For the ones who found those screenshots offensive to your intelligence, here is the alternate route to go to keep you inside your comfort zone in the CLI to run the job:

gcloud dataflow jobs run iris-2-bq-dataflow \
--gcs-location gs://dataflow-templates-us-central1/latest/Jdbc_to_BigQuery \
--region us-central1 --num-workers 2 \
--staging-location gs://iris-2-datastudio/tmp \
--parameters connectionURL=jdbc:IRIS://k8s-c5ce7068-a4244044-265532e16d-2be47d3d6962f6cc.elb.us-east-1.amazonaws.com:1972/USER,driverClassName=com.intersystems.jdbc.IRISDriver,query=SELECT TABLE_CATALOG, TABLE_SCHEMA, TABLE_NAME, TABLE_TYPE, SELF_REFERENCING_COLUMN_NAME, REFERENCE_GENERATION, USER_DEFINED_TYPE_CATALOG, USER_DEFINED_TYPE_SCHEMA, USER_DEFINED_TYPE_NAME, IS_INSERTABLE_INTO, IS_TYPED, CLASSNAME, DESCRIPTION, OWNER, IS_SHARDED FROM INFORMATION_SCHEMA.TABLES;,outputTable=iris-2-datastudio:irisdata.dataflowtable,driverJars=gs://iris-2-datastudio/intersystems-jdbc-3.3.0.jar,bigQueryLoadingTemporaryDirectory=gs://iris-2-datastudio/input,username=SQLAdmin,password=Testing12!

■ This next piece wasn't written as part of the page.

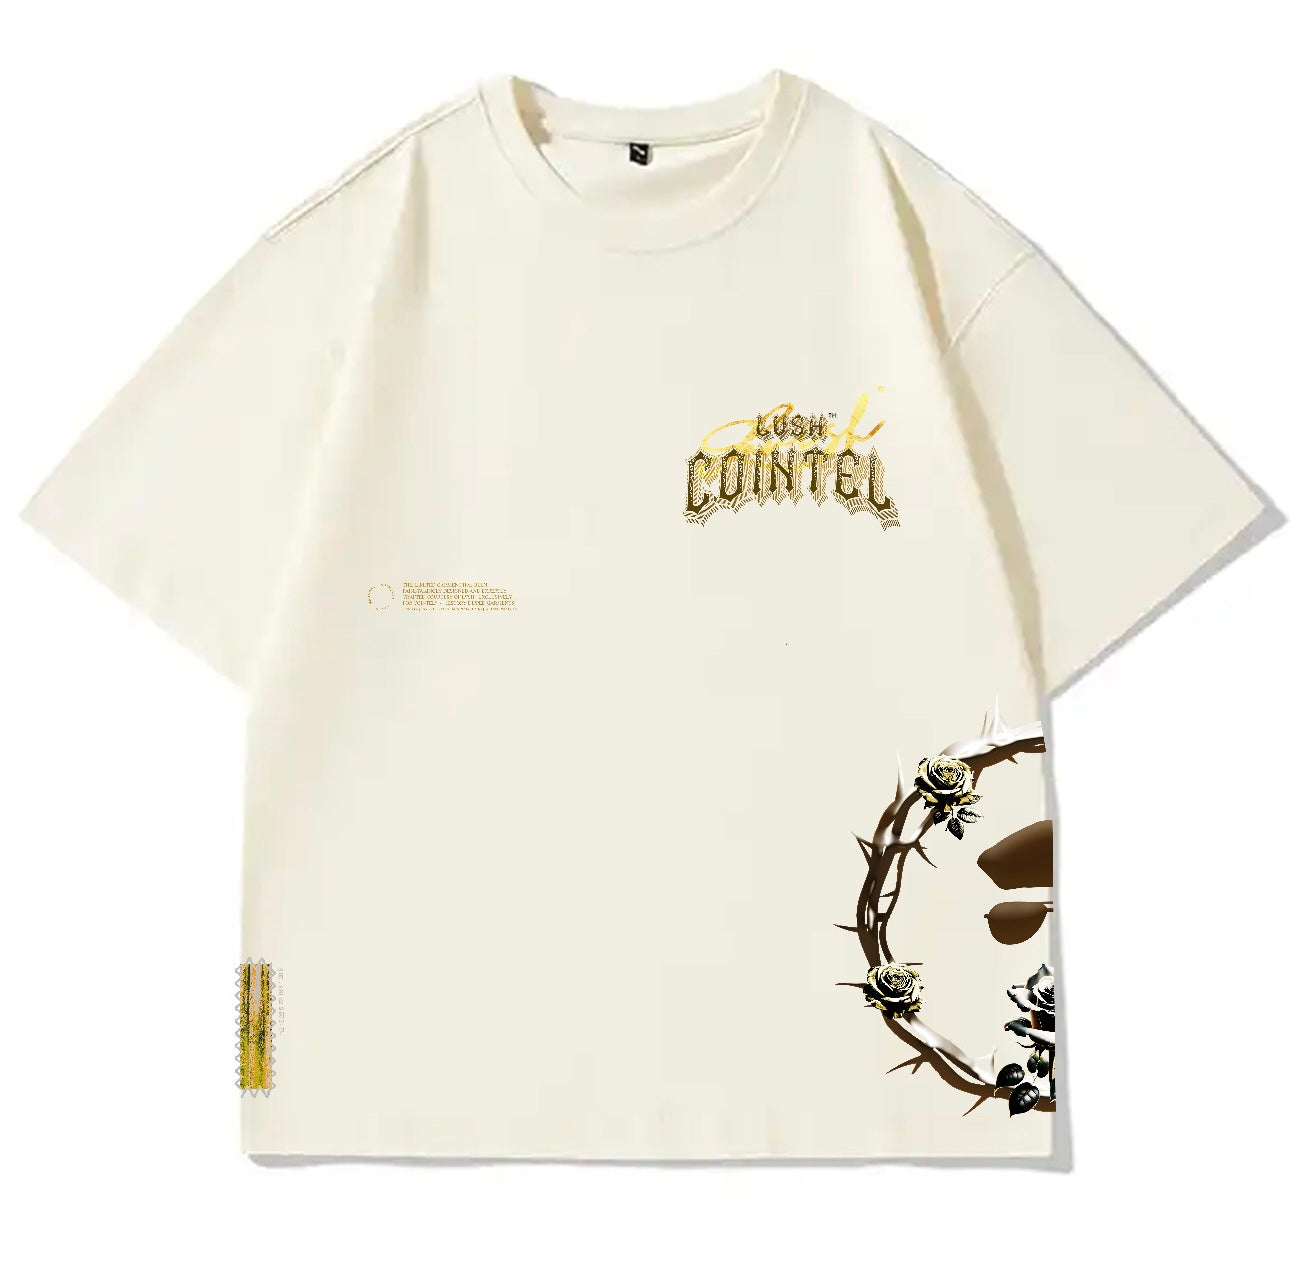 LVSH x COINTEL Cream T-Shirt

Once you have kicked off your job, you can bask in the glory a successful job run:

Results

Taking a look at our source data and query in InterSystems Cloud SQL...

... and then Inspecting the results in Big Query, it appears we do in fact, have InterSystems IRIS Data in Big Query.

Once we have the data in Big Query, it is trivial to include our IRIS data into Data Studio by selecting Big Query as the data source... this example below is missing some flair, but you can quickly see the IRIS data ready for manipulation in your Data Studio project.